DATASET EXTRACT>

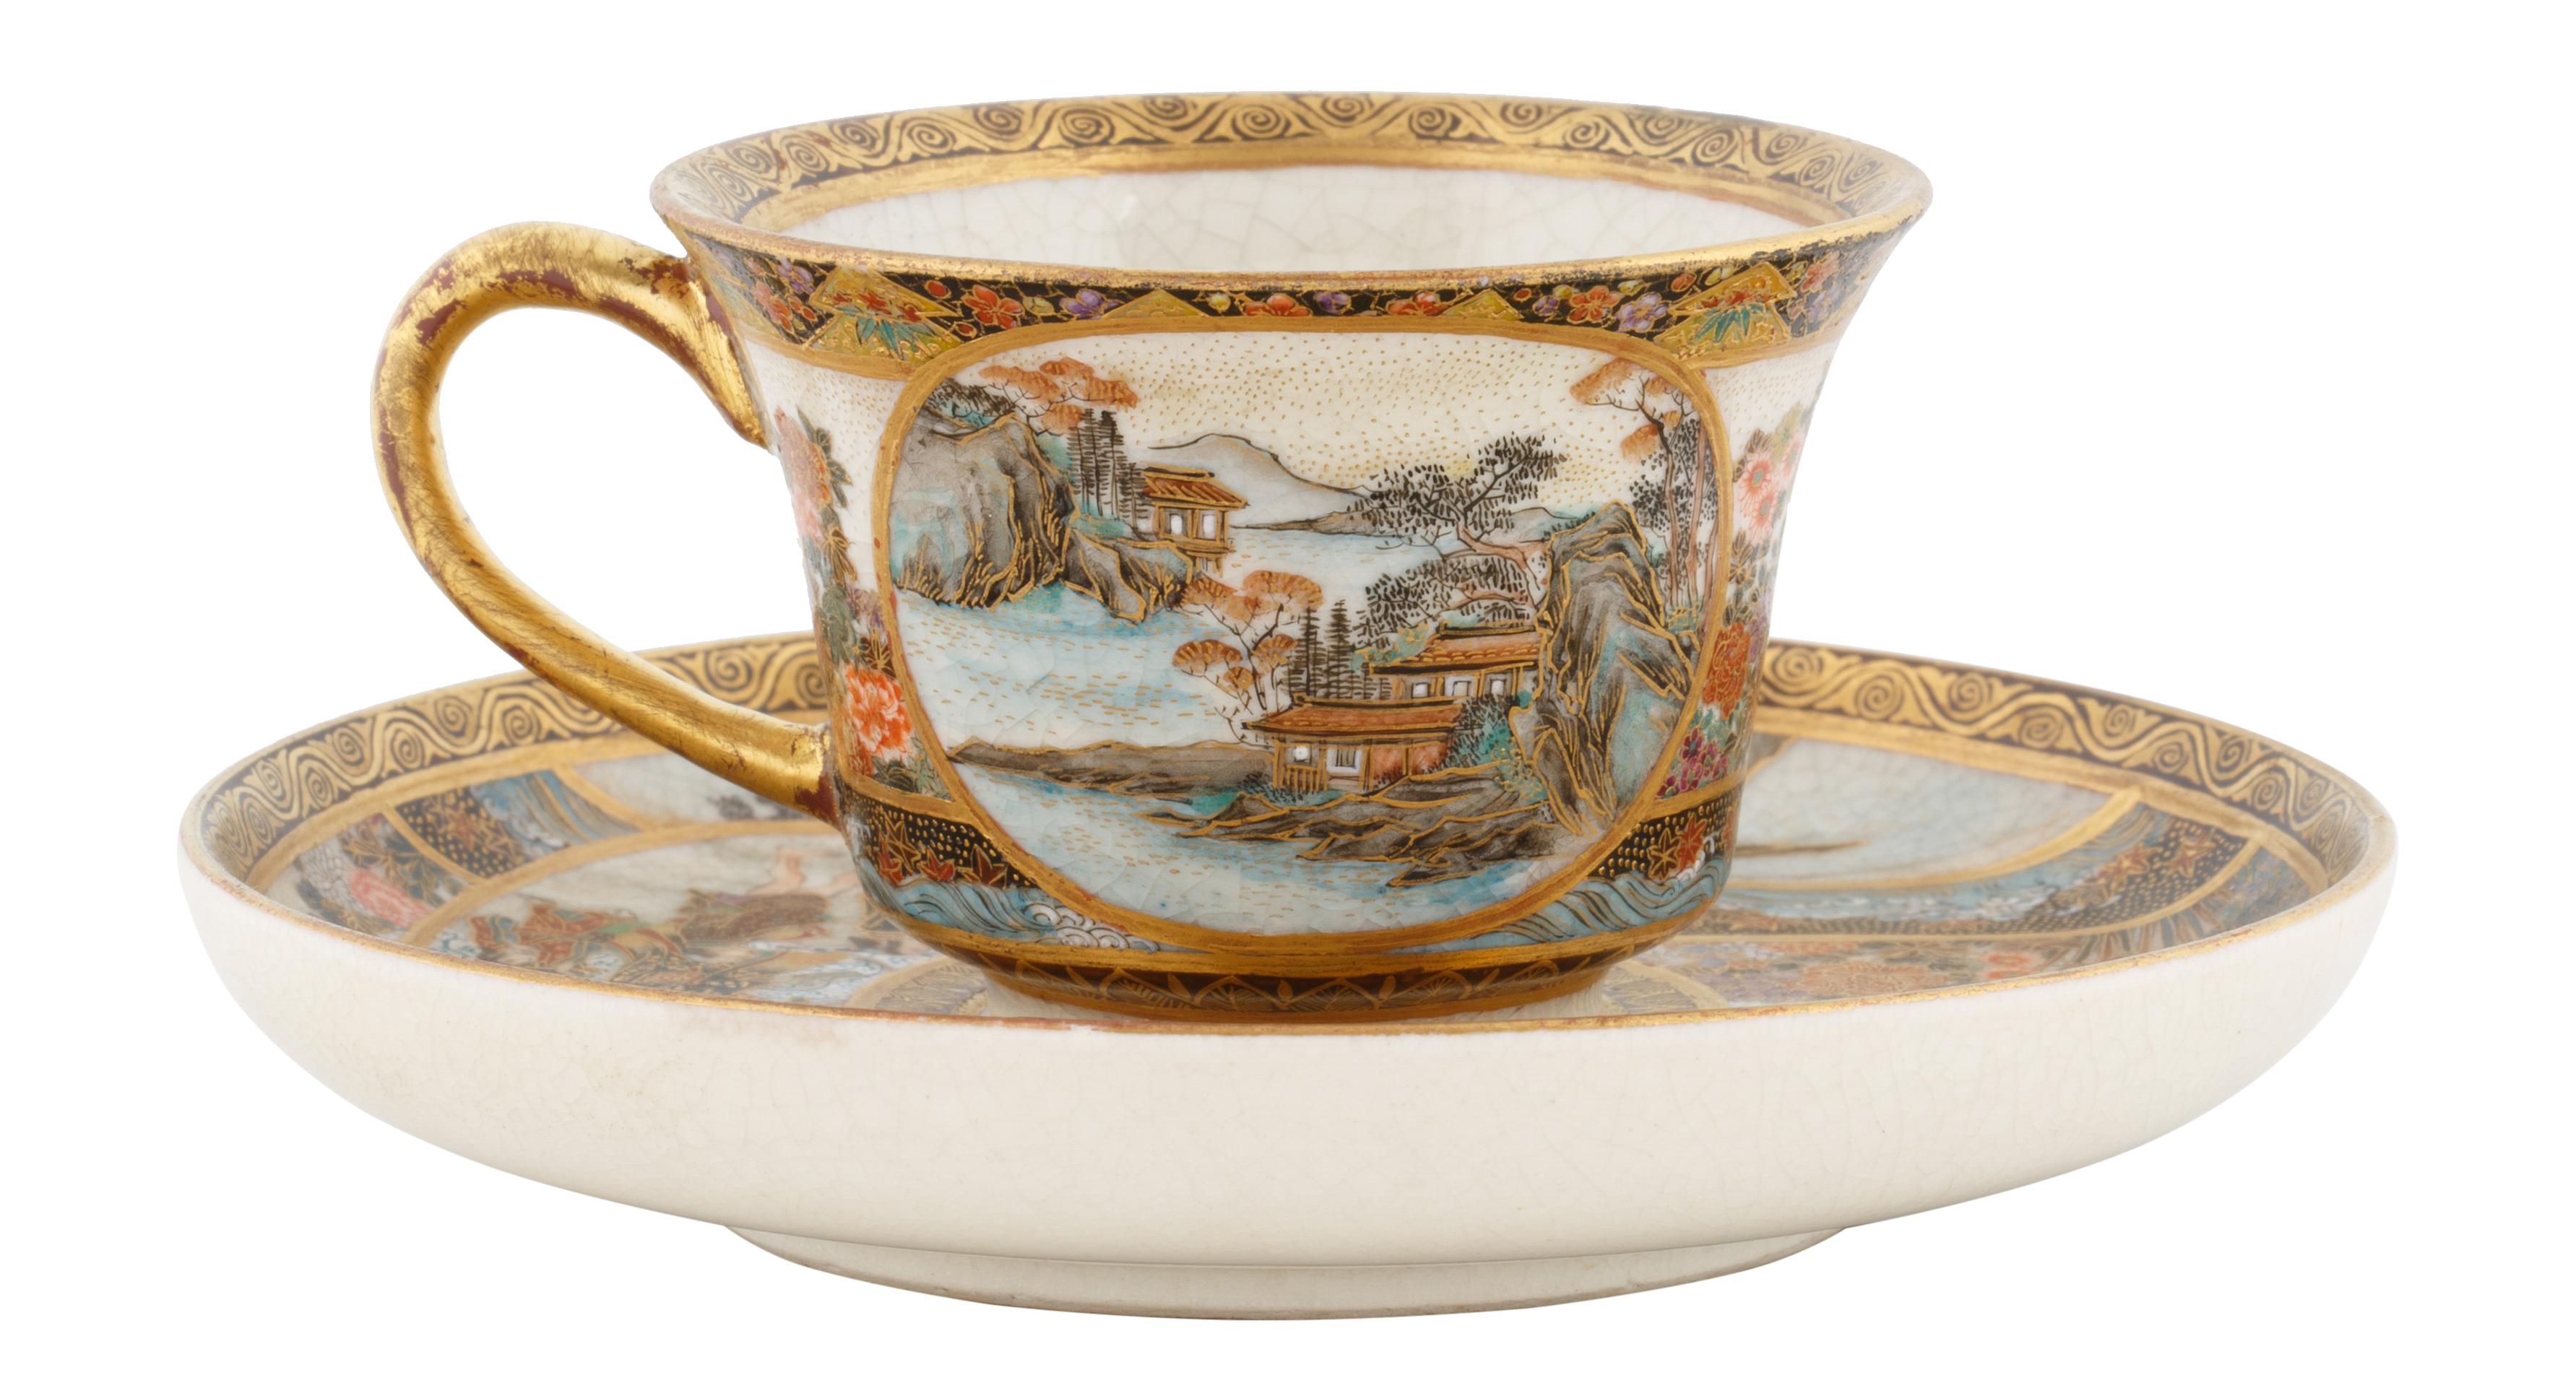 19TH CENTURY SATSUMA PORCELAIN TEA CUP AND SAUCER - Image 2 of 7
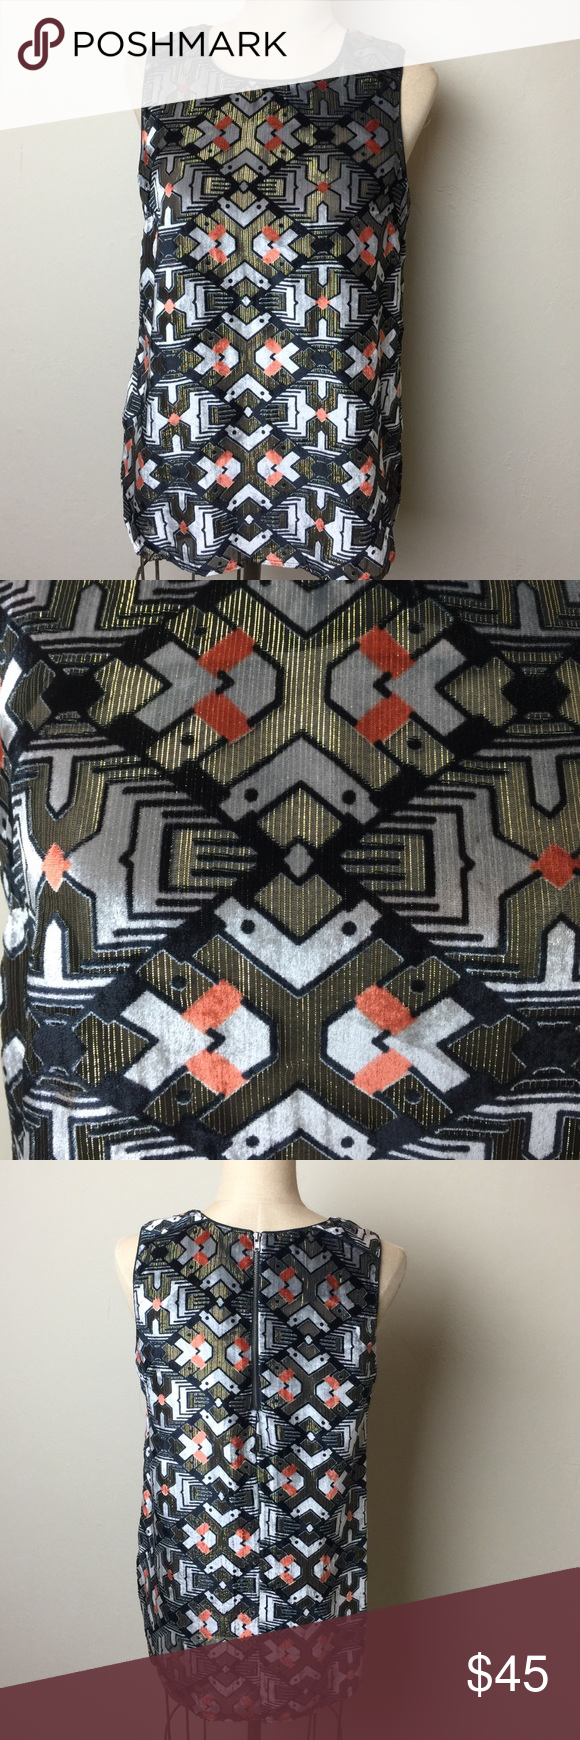 Anthro sheer metallic stripe/velvet print top Gorgeous geometric print combining black sheer material with metallic gold stripe and velvet. Rounded hem line. Rayon/nylon/metallic. Zip back. Unlined Meadow rue for Anthropologie Anthropologie Tops
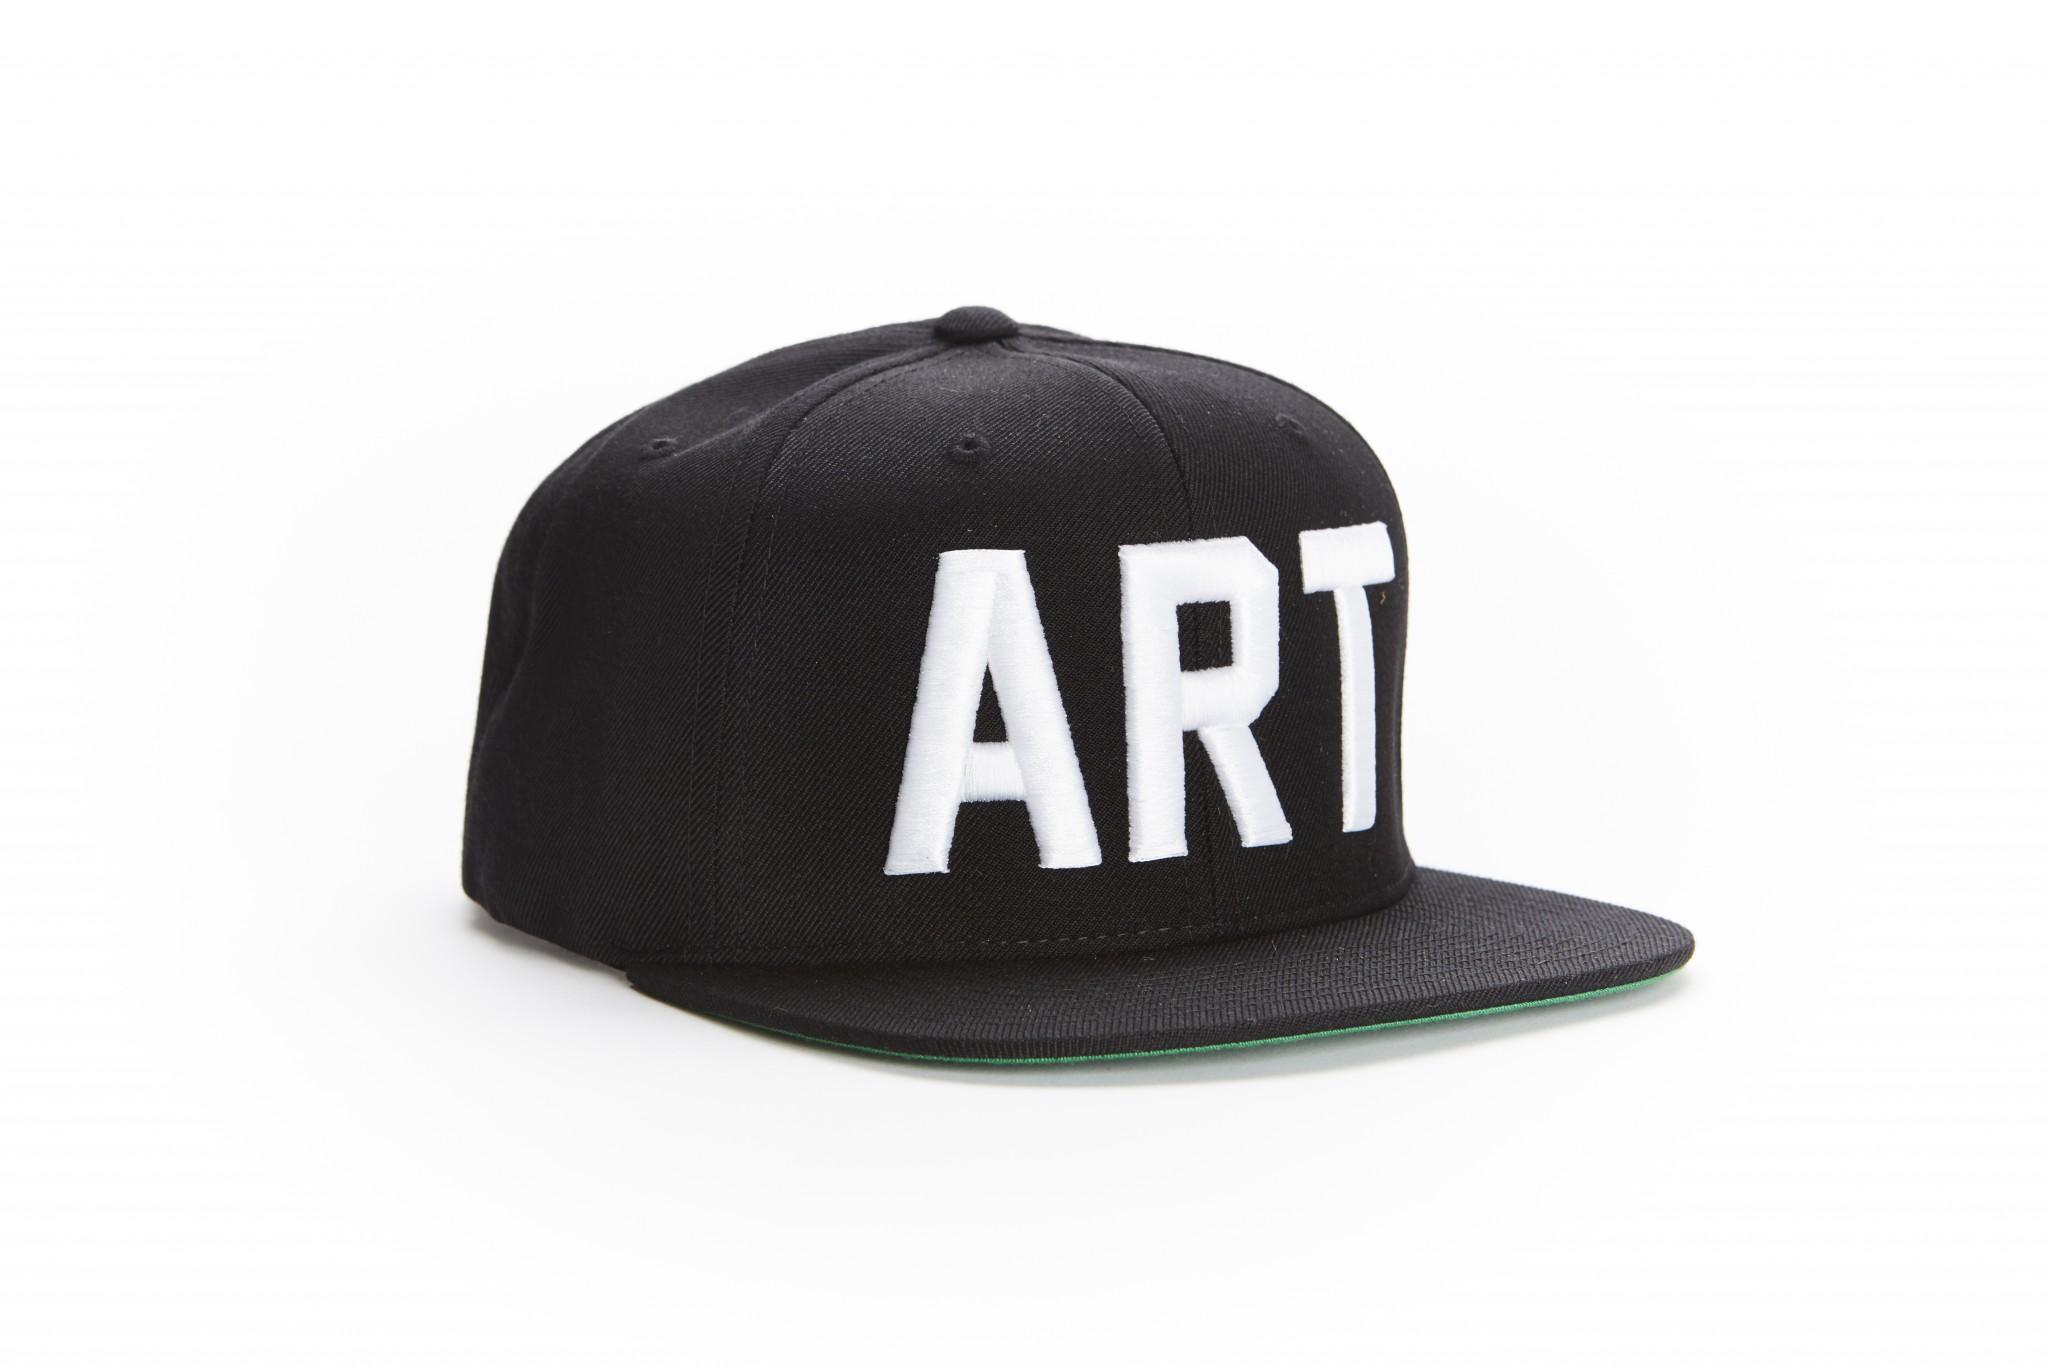 709c7386 Snapback Hat - Black/White
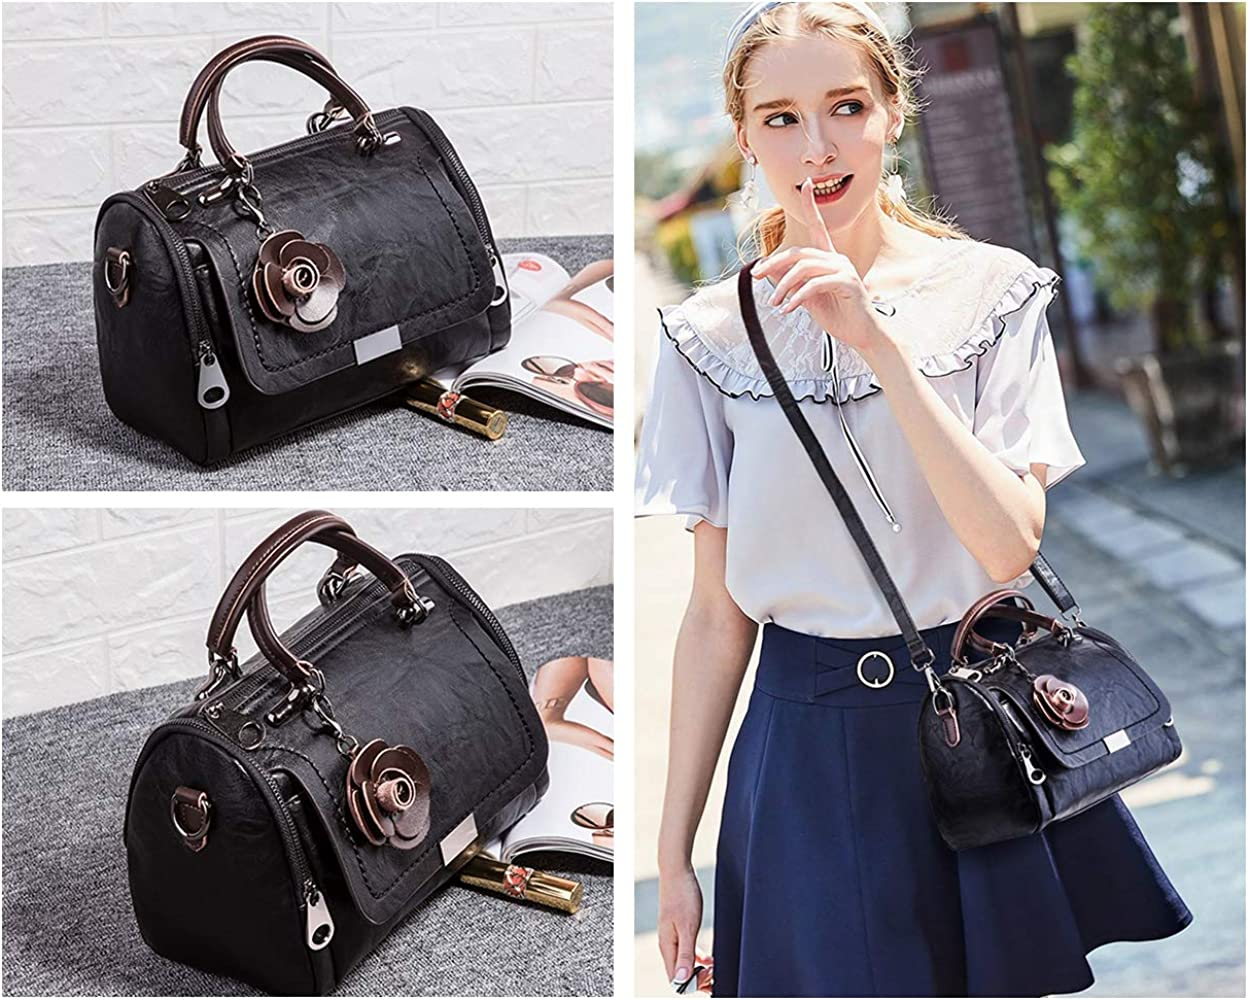 Mn&Sue Barrel Style Handbags for Women Small Top Handle Satchel Crossbody Ladies Leather Purse

TASK ITEM> Your answer should contain only the lines from the beginning of the listing above through the line with "Anthro sheer metallic", copied exactly and without the pictures.

SOLUTION TO THIS TASK>
 19TH CENTURY SATSUMA PORCELAIN TEA CUP AND SAUCER - Image 2 of 7
 Anthro sheer metallic stripe/velvet print top Gorgeous geometric print combining black sheer material with metallic gold stripe and velvet. Rounded hem line. Rayon/nylon/metallic. Zip back. Unlined Meadow rue for Anthropologie Anthropologie Tops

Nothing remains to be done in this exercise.